Sent from Petguide.com Free App


----------



## Rolo n Buttons (Sep 22, 2012)

I've been through this with both of mine. What I think is that it's just a fear of the outside world, everything is so big to them. Rolo would shake like a leaf as soon as he realised we were going out. What I did with both of them was carry them for about a week or so until they got used to the whole being outside thing. As Buttons is a winter puppy i shoved him down the front of my coat! Once they gain confidence then I put them down. I found that after a week or so Buttons didn't want to be carried anymore and would struggle to get down. Now he trots along quite happily! The only problem I have now is as Rolo hasn't been neutered he stops every 15 seconds to mark EVERYTHING in the village. And I'm not kidding.....EVERYTHING!! 










Before










After! Lol


And I meant to say as well put her harness on her every time so she associates that with walk time and still gets used to wearing it but carry her. She will soon get fed up and want to get down and explore. Worked for me twice x

I was worried that if I started carrying them they would always want to be carried everywhere but it doesn't seem to work like that.
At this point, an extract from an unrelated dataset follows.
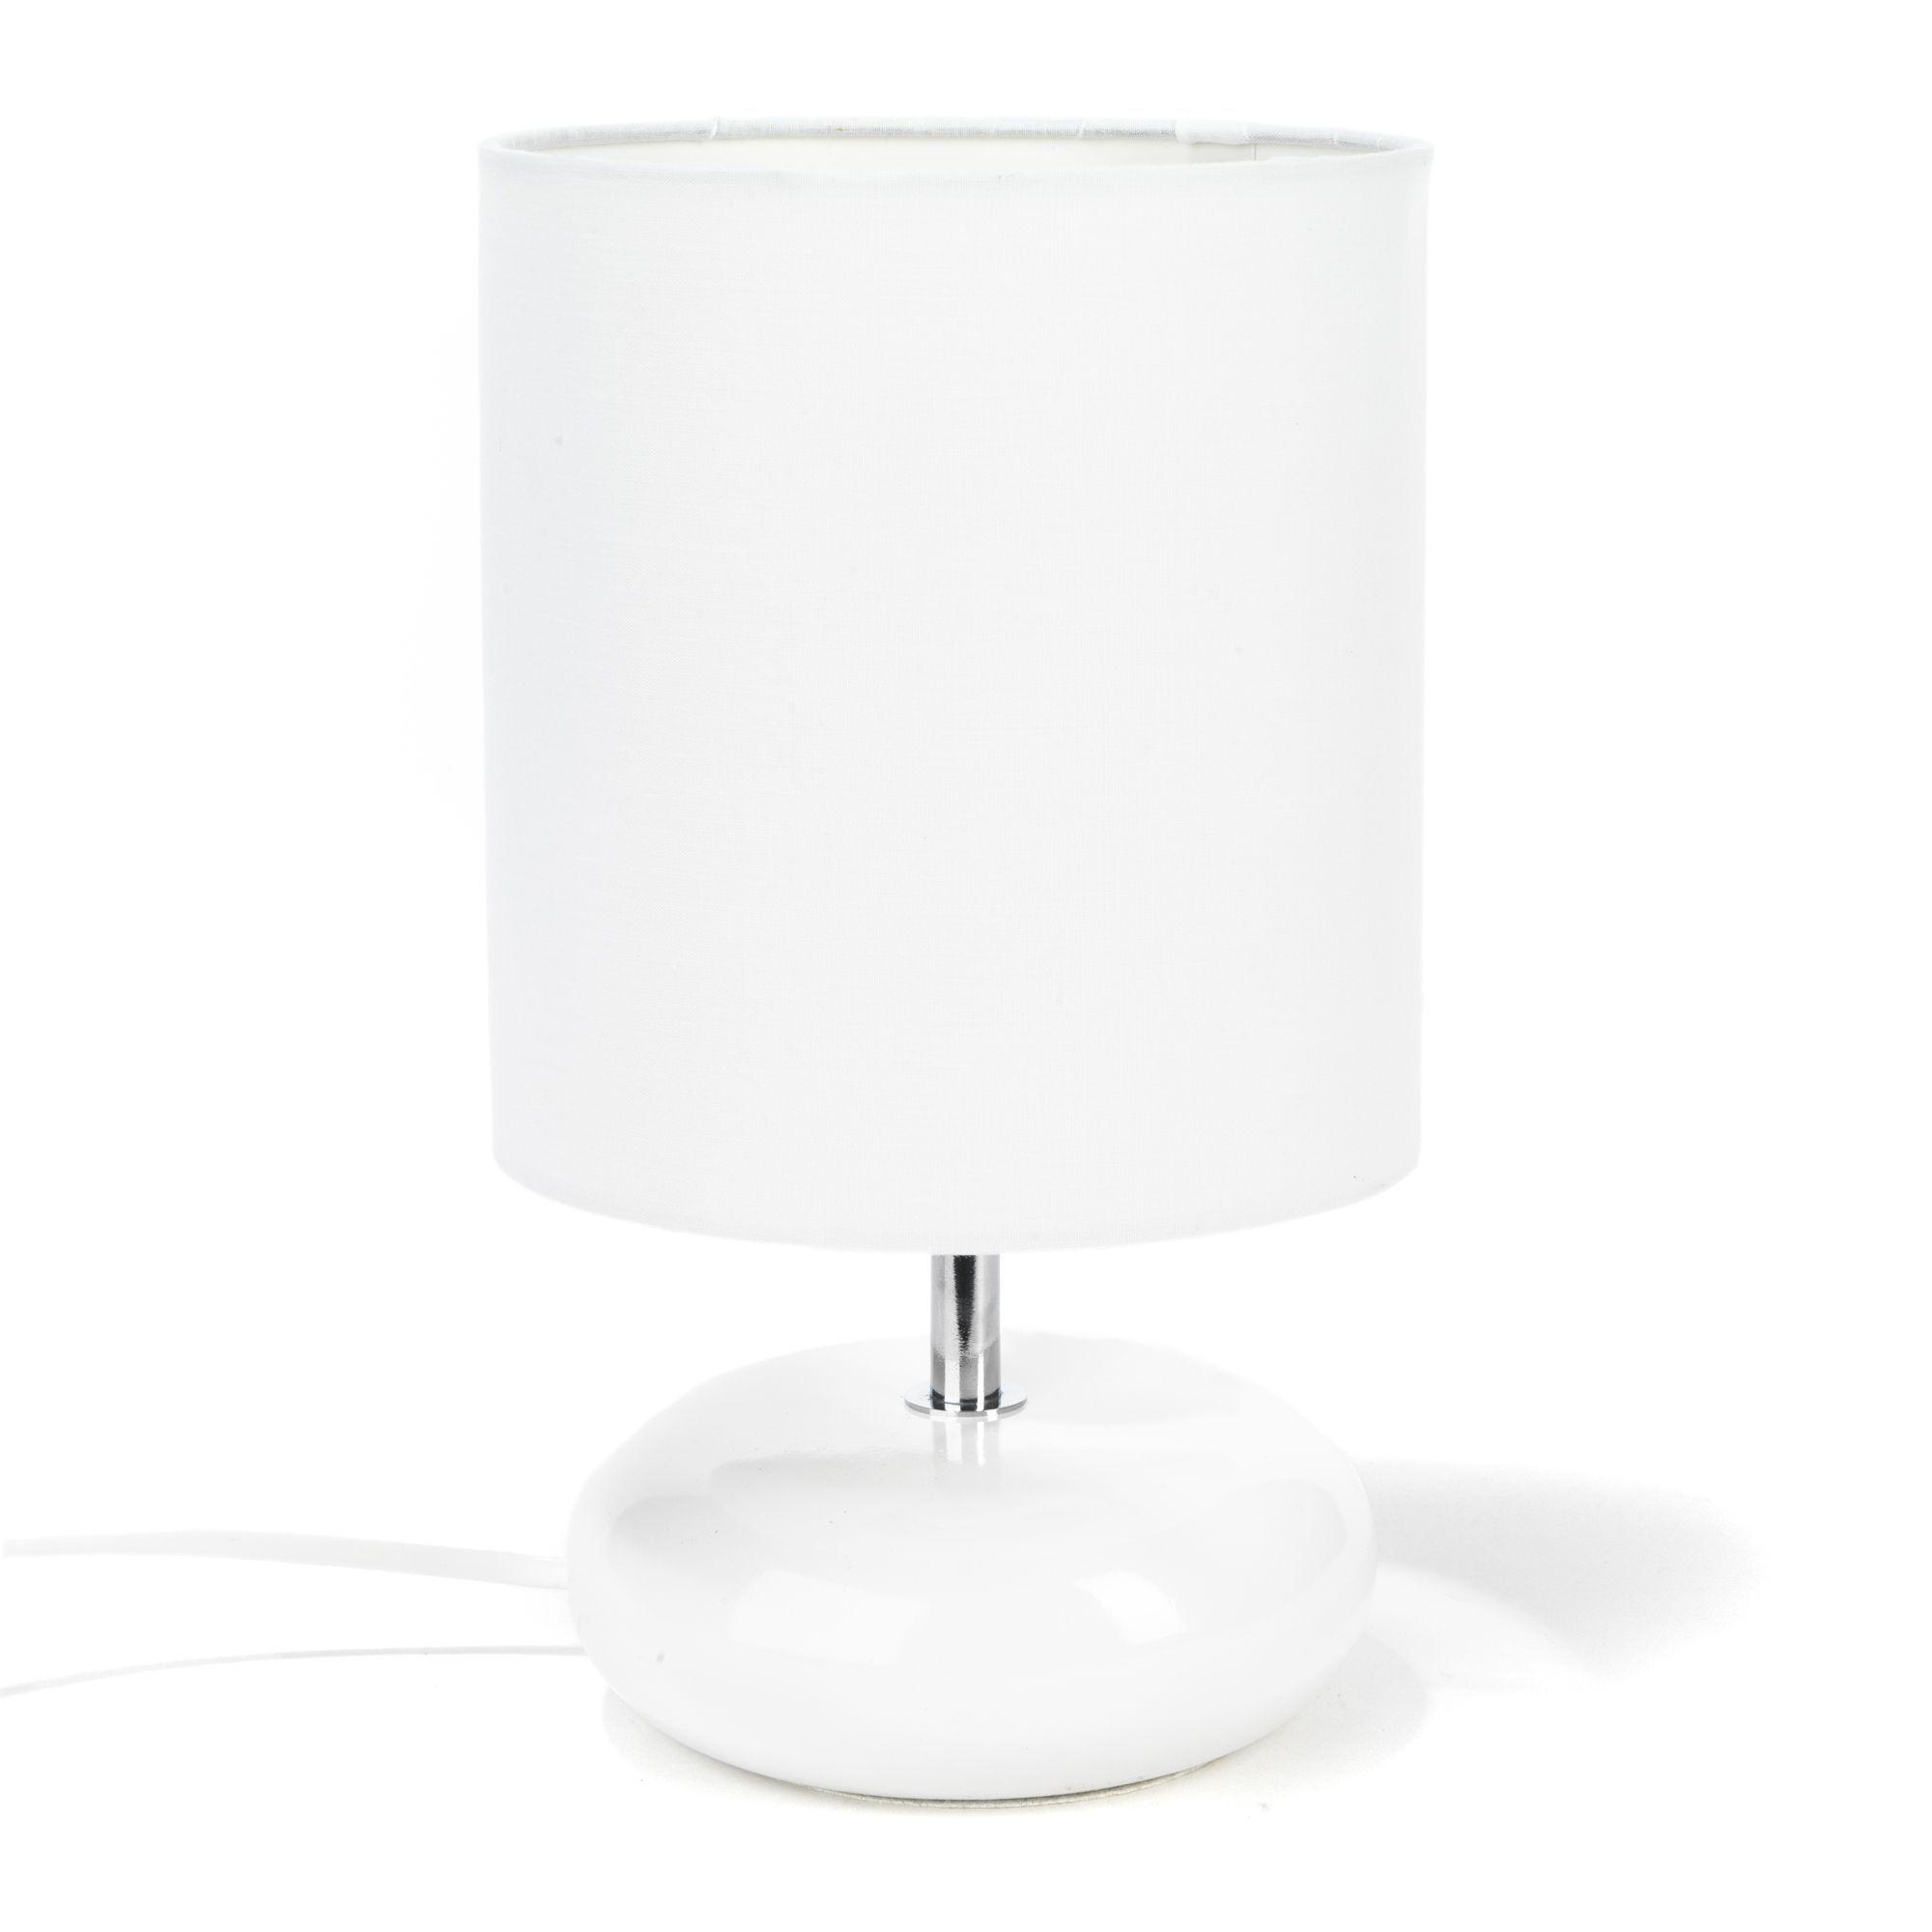 5 90 Lampe Avec Abat Jour Liz Lum Lampes Alinea Lampes

They realise that actually outside isn't so bad after all and then they're off !

Sent from Petguide.com Free App


----------



## Angel1210 (Mar 14, 2011)

Wow! I have the same problem! Angel is a couch potato! He really doesn't like to go for walks! When he was young, I carried him until we got to a side street with no traffic! He tolerated it. At the park, he walked and sniffed, behaved, pretty much, but again didn't really like it! I used treats to make it exciting and talk happy talk the whole time, but still not really liking it! Then he got to where he would bite me when I put his harness on him if it was walk time or if he even thought it was!

I really want him to love walking! So, I have a new plan for this spring! I am going to take him to the park, just him and me. Sit on a park bench for about 10 minutes or so. I'll have his toys, some treats, and try to make it fun for him! I don't know if it will work, but I've nothing to lose! 

I think part of him not liking walks is because hubby is a couch potato, too and they hang out together a lot!!


----------



## HollyV (Mar 31, 2013)

I have the same problem  especially when there are other dogs around. I am persisting though with treats and picking her up when she refuses to move hopefully she'll get better soon 


Sent from Petguide.com Free App


----------



## JumpingBean (Mar 27, 2013)

Thanks for the help guys.

I'm not sure the reason is that he's scared. He loves to run in circles in the backyard but anywhere else is stop and go. I will try some of things suggested and see if they work. He is still young so maybe he just needs more time in the great outdoors to learn that its not that scary.


----------